Historia #244: La suerte y lo simple

Se encuentran tres amigos veinteañeros sentados frente a una mesa tomando cervezas y fumando cigarros liados por ellos mismos. De repente uno de ellos, Leandro, se golpea fuerte la cabeza, y riendo dice:
            “De todos nosotros, yo soy el que más suerte tiene”. Sus amigos le dicen que a qué viene tanta palabrería. “Porque el otro día entré a un pub a mear, y justo me tercié con un tipo que se iba a Antofagasta, más cura’o que la mierda. El güeón tenía el pasaje a las 6:00, y eran las 5:40. Así que vino y me regaló las dos botellas de chela que acababa de pedir. Entré a mear, y salí más cura’o que la chucha”.
            Los otros se ríen, y Alonso añade:
            “Está’i má’ güeón: yo soy el que más suerte tiene”. Los demás le dicen que no le creen ni cagando. “El otro día estaba comiendo un completo, ahí donde se pone esa señora en la noche, y viene una mina, con lo’ ojo’ entero’ bonito’ y güeá, y me pregunta si fumo. «¿De la legal o de la ilegal?», le dije, sin cachar a qué se refería la loquita. «A si fuma’i hierba, po’», y entonces caché lo que quería esta loquita. Le dije que sí, obvio, y me dio una bolsa con caleta hierba. Me alcanzó pa’ dos pito’”.
            Leandro, el primero de los que habló, a quien nunca le gustaba dar su brazo a torcer, le pregunta a su segundo amigo:
            “¿Y por qué te regaló la hierba, güeón?”.
            “Porque ella no fumaba”.
            “Ah, pero eso no es na’”, insiste Leandro, haciendo una mueca de triunfo. “¿Te acorda’i de esa vez que la Pauli me mandó a la chucha?”. Sus amigos asienten: se emborracharon juntos casi todos los días que no estuvo con ella. “Ya po’, esa ve’ cuando me mandó a la chucha, fui a tomar solo al León Doma’o, y ahí me encontré con la Andrea; nos teníamo’ más gana’ que la mierda, así que nos comimos cuando cerró el local y no’ fuimo’ a culiar a su casa, toda la noche. Esa sí que fue suerte”.

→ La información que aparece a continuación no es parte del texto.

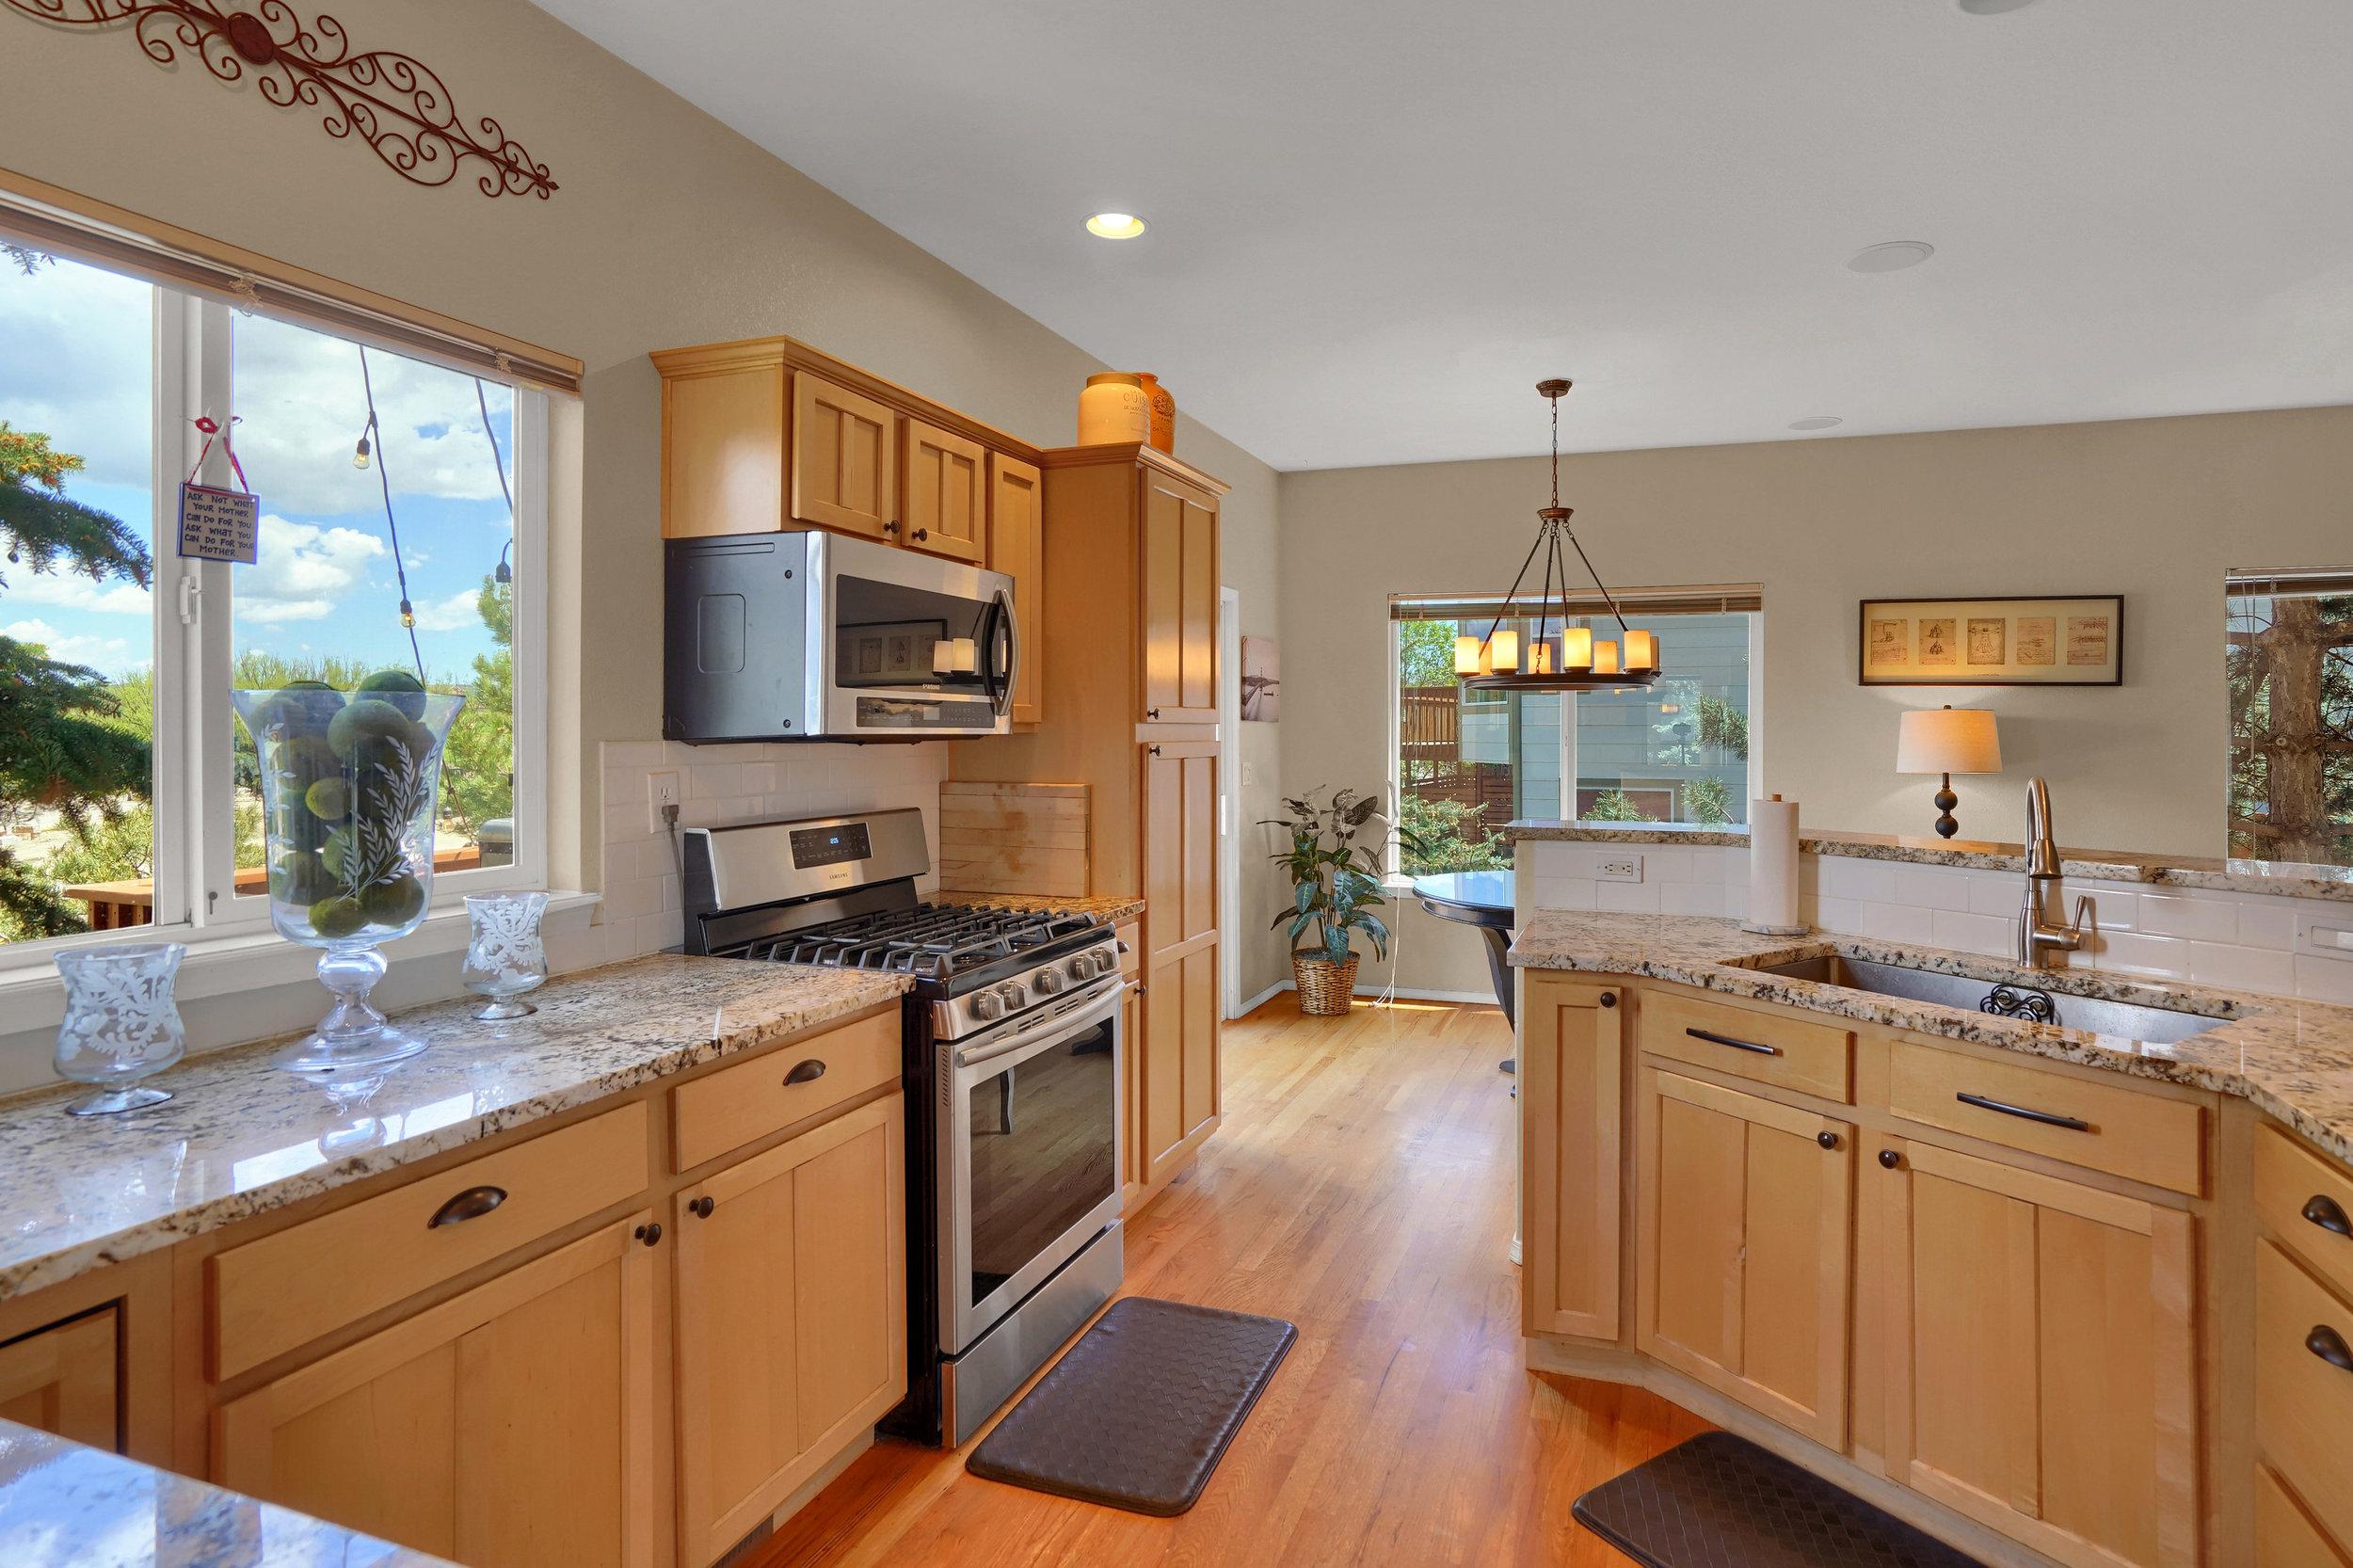 2756 Kittyhawk Road Colorado-print-005-024-Kitchen-3935x2622-300dpi.jpg

            “¡Sale, güeón, eso no es suerte!”, le replica Alonso, el segundo de los amigos, totalmente avivado por el alcohol en sus venas. “Si e’ por eso, yo tengo má’ suerte que El Pianista po’, güeón. ¿Te acorda’i de esa ve’ que la tía de la botillería se equivocó y me cobró el whiskey a dos luca’? ¡Esa güeá fue suerte, conchetumare!”.
            Leandro se toma un momento antes de continuar con sus argumentos, pensando en qué situación/experiencia basarse para refutar a su amigo; y bueno, así como también lo está haciendo Alonso, naturalmente, quien mastica ya alguno de sus chispazos de buena fortuna que ha vivido hasta el momento en caso que Leandro intente rebatir sus últimas palabras.
            Sin embargo Eduardo, el tercer amigo que no se ha pronunciado hasta ese entonces, tiene la mente en cualquier lugar menos en los tontos ejemplos que anuncian los demás mientras salpican saliva por todos lados: él está pensando en que hay mejores cosas para demostrar la buena suerte que puede tener una persona acarreando consigo (imaginando la suerte como una mochila de tamaño proporcional a la sensación de ella inundando tu cuerpo); por ejemplo: estaba el haber tenido sexo con un montón de personas sin ninguna clase de protección y resultar con un examen de enfermedades de transmisión sexual totalmente limpio ni algún hijo bastardo abandonado por ahí. Si sus amigos no son capaces de ver la suerte en la simplicidad de esas cosas, pensó él, están cagados. Están muy cagados.

Entonces Eduardo, quien ve a sus amigos continuar con su discusión cada vez más acalorada, abre una de las botellas de cerveza intactas y se sirve un vaso, el primero de todos, el más refrescante. Qué suerte la suya que sus amigos no tuvieran oportunidad de reclamar por éste.